На улицах Петрограда кипела жизнь. В его наиболее уязвимых пунктах лихорадочно рылись окопы и ставились проволочные заграждения, в окнах некоторых домов под прикрытием мешков с песком устанавливались пулеметы, и пасхальным звоном звучала для слуха населения все приближавшаяся канонада.
Уличные мальчишки, эти верные показатели общественных настроений в России, пренебрегая опасностью ареста, увидав «буржуя», напевали:
Или:
В один из этих дней, когда возбужденные, опьяненные близким освобождением петроградцы при встречах говорили уже не о пайках, а делились слухами: «Занято Царское»… «Уже в десяти верстах от Петрограда», — ко мне зашел поэт М-ий.
Поделившись со мной последними политическими новостями, он сказал:
— Почему вы перестали устраивать у себя литературные вечера? Вот теперь, например, по случаю «начала конца» коммуны, отчего бы вам не порадовать своих сотрудников такой вечеринкой? Все мы находимся в таких ужасных условиях, что собраться сейчас у вас в обстановке, заставляющей забыть действительность, приятнее чем когда-либо. После будем вспоминать, как оборванные и голодные пировали на вулкане.
— Но ведь осадное положение запрещает всякие сборища и выход на улицу после девяти часов вечера; кто же захочет рисковать арестом накануне освобождения? Никто не явится.
— Все пойдут. Ну, может быть, старики побоятся, а за остальных ручаюсь. Если разрешите, я лично уведомлю всех о назначенном дне.
Мы выработали план вечера, и в первых числах октября, когда погруженный во мрак город притих в ожидании события, театры и другие увеселительные места бездействовали, к восьми часам у меня начали собираться приглашенные. Явилось девятнадцать писателей, четыре ученых и три известных художника.
Из предосторожности окна комнат, в которых происходило собрание, были завешаны не пропускающей света тканью, а приходящие гости входили в квартиру по трем ходам поодиночке.
Настроение собравшихся, убежденных, что коммунизм доживает последние часы, было исключительно приподнятым и воодушевленным, а когда последний из пришедших объявил, что якобы «белые разъезды появились у Нарвских ворот» — даже седовласые профессора помолодели и приняли участие в писании коллективного романа и в состязании экспромтами.
Привожу два, наиболее характерные:
К последней строфе сказанного мною экспромта:
Баранцевич добавил:
Да сгинет советская власть!
«Вечер» закончился в девять часов утра, и за отсутствием средств передвижения многим, в том числе престарелому Вас. Ив. Немировичу-Данченко и одному обитавшему на окраине профессору, пришлось после бессонной ночи идти через весь город пешком.

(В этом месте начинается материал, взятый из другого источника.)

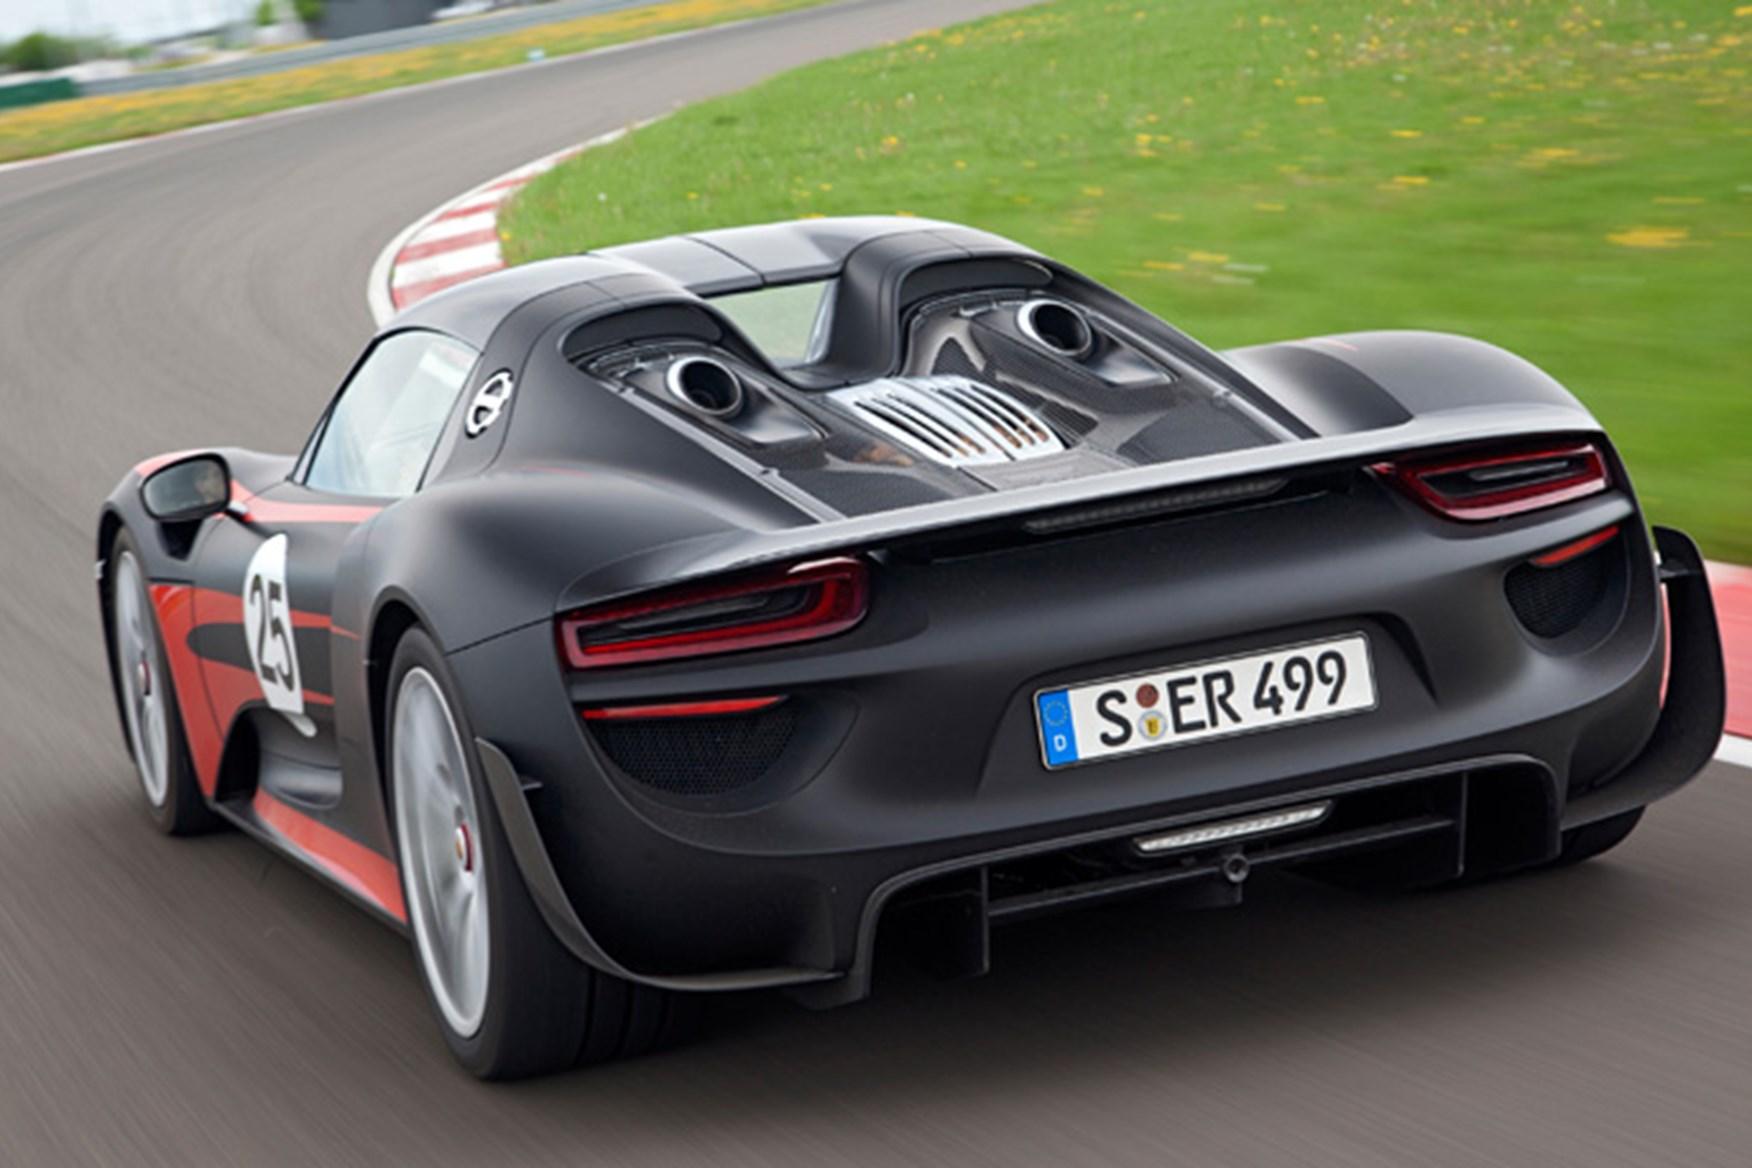 Porsche spyder specs
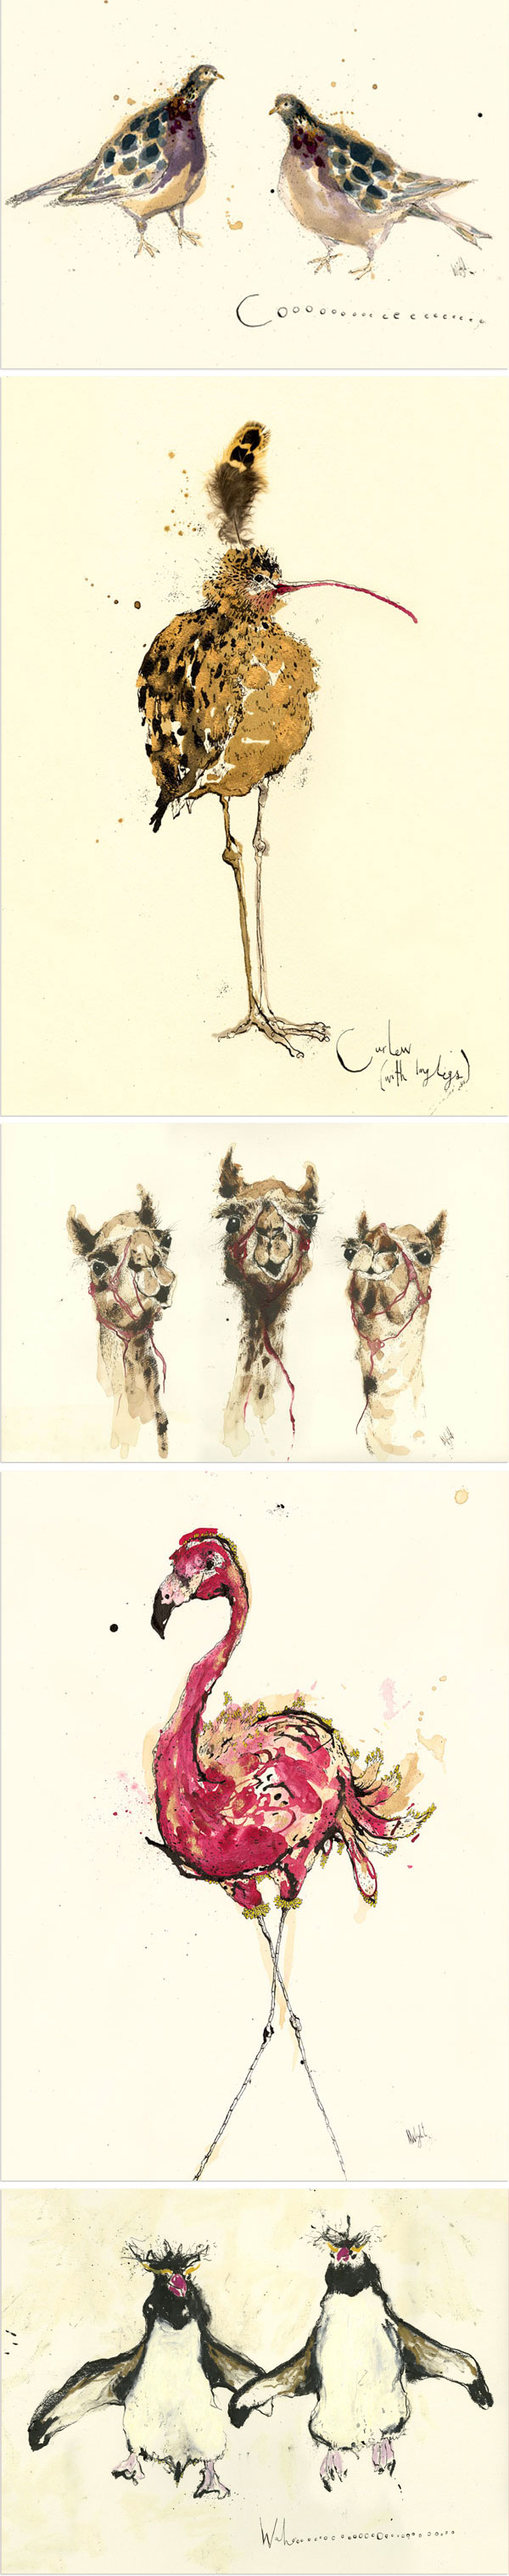 LieblingsProdukte: Anna Wright - Wunderbare Illustrationen

Спустя сутки разбуженное в четыре часа ночи тревожными гудками путиловского завода население поднялось, подумав, что в город вступают белые.
Но это была последняя радость. Началось отступление Юденича от Петрограда и поражение белых армий на Юге России.
Трудно передать то душевное угнетение, которое пришлось пережить после этого нового разочарования.
Ведь как легко было взять Петроград при большевистской разрухе и всемирном содействии населения, указывает даже стремительность продвижения белых. Прибывшие утром по Балтийской линии служащие уже не могли вернуться обратно, ибо к вечеру Стрельна и прилегающие к ней местности были заняты армией Юденича, а сообщение с ними прервано.
Снова потянулась серая, беспросветная жизнь, весь смысл которой сводился к желудочным интересам, когда честолюбие людей было устремлено лишь на умение изыскивать пути к наибольшему получению законных пайков и безответственной краже казенных продуктов; последним, встречаясь, даже кичились друг перед другом: «отымаем свое у грабителей».
Но и в этой засасывающей душу тине беспросветного бытия можно было наблюдать проявления оставшегося безвестным миру героизма.
Когда армия Юденича покинула Царское Село и его заняли красные, они обвинили местное духовенство в сигнализации белым с местных колоколен деяние, за которое обвиняемым грозил немедленный расстрел.
Тогда, рискуя разделить участь священников, к военным, революционным властям явилась бывшая в те дни сестрой милосердия дочь писателя Зарина-Несвицкого (и сейчас находящегося в Царском Селе) и стала доказывать, что сигнализация, в которой обвиняют арестованных священнослужителей, технически невозможна.
— Если вы сумеете опровергнуть мои слова, — сказала эта отважная девушка, — арестуйте тогда и меня как их сообщницу.
Ей удалось уговорить комиссаров отправиться с ней на колокольни и там доказать, что она права.
Священников освободили, а имя их спасительницы, вскоре после этого умершей от сыпного тифа, с тех пор поминается при богослужениях во всех царскосельских храмах.